### Records provided
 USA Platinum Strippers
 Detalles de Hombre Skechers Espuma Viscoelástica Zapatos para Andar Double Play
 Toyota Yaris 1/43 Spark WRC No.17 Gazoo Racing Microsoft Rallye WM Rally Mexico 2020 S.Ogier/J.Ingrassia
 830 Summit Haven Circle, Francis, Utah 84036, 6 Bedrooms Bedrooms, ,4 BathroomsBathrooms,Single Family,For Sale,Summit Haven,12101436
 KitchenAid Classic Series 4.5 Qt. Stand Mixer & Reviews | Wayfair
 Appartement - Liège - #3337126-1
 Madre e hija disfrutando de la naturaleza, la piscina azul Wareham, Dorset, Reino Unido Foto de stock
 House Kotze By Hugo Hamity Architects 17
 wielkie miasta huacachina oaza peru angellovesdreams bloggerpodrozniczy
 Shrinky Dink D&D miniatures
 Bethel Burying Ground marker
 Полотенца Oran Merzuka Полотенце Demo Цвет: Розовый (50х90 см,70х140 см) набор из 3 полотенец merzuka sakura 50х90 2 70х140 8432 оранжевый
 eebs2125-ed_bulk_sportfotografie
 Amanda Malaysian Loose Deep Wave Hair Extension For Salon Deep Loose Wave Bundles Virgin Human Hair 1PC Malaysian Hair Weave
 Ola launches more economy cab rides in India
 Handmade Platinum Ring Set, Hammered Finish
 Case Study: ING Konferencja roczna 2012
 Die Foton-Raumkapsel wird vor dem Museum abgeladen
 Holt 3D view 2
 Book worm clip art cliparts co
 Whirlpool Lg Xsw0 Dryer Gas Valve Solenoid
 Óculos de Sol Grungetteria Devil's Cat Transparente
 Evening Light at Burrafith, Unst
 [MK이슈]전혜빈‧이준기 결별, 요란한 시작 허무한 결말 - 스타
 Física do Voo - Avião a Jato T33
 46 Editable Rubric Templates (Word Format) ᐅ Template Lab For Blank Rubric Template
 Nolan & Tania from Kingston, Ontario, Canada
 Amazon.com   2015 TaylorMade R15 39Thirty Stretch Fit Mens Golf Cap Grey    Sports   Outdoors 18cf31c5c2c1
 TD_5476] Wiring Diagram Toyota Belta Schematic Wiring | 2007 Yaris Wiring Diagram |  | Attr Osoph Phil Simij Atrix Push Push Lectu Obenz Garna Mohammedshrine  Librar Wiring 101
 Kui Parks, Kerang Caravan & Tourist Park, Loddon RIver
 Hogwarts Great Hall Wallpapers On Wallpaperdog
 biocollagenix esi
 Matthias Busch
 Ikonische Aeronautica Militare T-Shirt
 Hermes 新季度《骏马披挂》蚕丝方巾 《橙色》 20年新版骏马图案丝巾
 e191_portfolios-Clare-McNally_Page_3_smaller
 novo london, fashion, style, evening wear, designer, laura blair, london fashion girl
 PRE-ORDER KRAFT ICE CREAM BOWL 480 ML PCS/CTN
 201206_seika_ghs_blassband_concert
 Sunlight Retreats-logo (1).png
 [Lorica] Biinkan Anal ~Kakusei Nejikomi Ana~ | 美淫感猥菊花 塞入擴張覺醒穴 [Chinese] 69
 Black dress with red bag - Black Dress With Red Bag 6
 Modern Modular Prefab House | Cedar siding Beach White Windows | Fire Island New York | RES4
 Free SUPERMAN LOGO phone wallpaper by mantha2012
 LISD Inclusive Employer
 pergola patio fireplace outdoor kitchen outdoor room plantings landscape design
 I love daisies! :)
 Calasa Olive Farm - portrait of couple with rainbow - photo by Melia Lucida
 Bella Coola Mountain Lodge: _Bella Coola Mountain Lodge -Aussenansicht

### What needs to be done
Every entry shown earlier is to be returned exactly, line for line.

### Problem solution
 USA Platinum Strippers
 Detalles de Hombre Skechers Espuma Viscoelástica Zapatos para Andar Double Play
 Toyota Yaris 1/43 Spark WRC No.17 Gazoo Racing Microsoft Rallye WM Rally Mexico 2020 S.Ogier/J.Ingrassia
 830 Summit Haven Circle, Francis, Utah 84036, 6 Bedrooms Bedrooms, ,4 BathroomsBathrooms,Single Family,For Sale,Summit Haven,12101436
 KitchenAid Classic Series 4.5 Qt. Stand Mixer & Reviews | Wayfair
 Appartement - Liège - #3337126-1
 Madre e hija disfrutando de la naturaleza, la piscina azul Wareham, Dorset, Reino Unido Foto de stock
 House Kotze By Hugo Hamity Architects 17
 wielkie miasta huacachina oaza peru angellovesdreams bloggerpodrozniczy
 Shrinky Dink D&D miniatures
 Bethel Burying Ground marker
 Полотенца Oran Merzuka Полотенце Demo Цвет: Розовый (50х90 см,70х140 см) набор из 3 полотенец merzuka sakura 50х90 2 70х140 8432 оранжевый
 eebs2125-ed_bulk_sportfotografie
 Amanda Malaysian Loose Deep Wave Hair Extension For Salon Deep Loose Wave Bundles Virgin Human Hair 1PC Malaysian Hair Weave
 Ola launches more economy cab rides in India
 Handmade Platinum Ring Set, Hammered Finish
 Case Study: ING Konferencja roczna 2012
 Die Foton-Raumkapsel wird vor dem Museum abgeladen
 Holt 3D view 2
 Book worm clip art cliparts co
 Whirlpool Lg Xsw0 Dryer Gas Valve Solenoid
 Óculos de Sol Grungetteria Devil's Cat Transparente
 Evening Light at Burrafith, Unst
 [MK이슈]전혜빈‧이준기 결별, 요란한 시작 허무한 결말 - 스타
 Física do Voo - Avião a Jato T33
 46 Editable Rubric Templates (Word Format) ᐅ Template Lab For Blank Rubric Template
 Nolan & Tania from Kingston, Ontario, Canada
 Amazon.com   2015 TaylorMade R15 39Thirty Stretch Fit Mens Golf Cap Grey    Sports   Outdoors 18cf31c5c2c1
 TD_5476] Wiring Diagram Toyota Belta Schematic Wiring | 2007 Yaris Wiring Diagram |  | Attr Osoph Phil Simij Atrix Push Push Lectu Obenz Garna Mohammedshrine  Librar Wiring 101
 Kui Parks, Kerang Caravan & Tourist Park, Loddon RIver
 Hogwarts Great Hall Wallpapers On Wallpaperdog
 biocollagenix esi
 Matthias Busch
 Ikonische Aeronautica Militare T-Shirt
 Hermes 新季度《骏马披挂》蚕丝方巾 《橙色》 20年新版骏马图案丝巾
 e191_portfolios-Clare-McNally_Page_3_smaller
 novo london, fashion, style, evening wear, designer, laura blair, london fashion girl
 PRE-ORDER KRAFT ICE CREAM BOWL 480 ML PCS/CTN
 201206_seika_ghs_blassband_concert
 Sunlight Retreats-logo (1).png
 [Lorica] Biinkan Anal ~Kakusei Nejikomi Ana~ | 美淫感猥菊花 塞入擴張覺醒穴 [Chinese] 69
 Black dress with red bag - Black Dress With Red Bag 6
 Modern Modular Prefab House | Cedar siding Beach White Windows | Fire Island New York | RES4
 Free SUPERMAN LOGO phone wallpaper by mantha2012
 LISD Inclusive Employer
 pergola patio fireplace outdoor kitchen outdoor room plantings landscape design
 I love daisies! :)
 Calasa Olive Farm - portrait of couple with rainbow - photo by Melia Lucida
 Bella Coola Mountain Lodge: _Bella Coola Mountain Lodge -Aussenansicht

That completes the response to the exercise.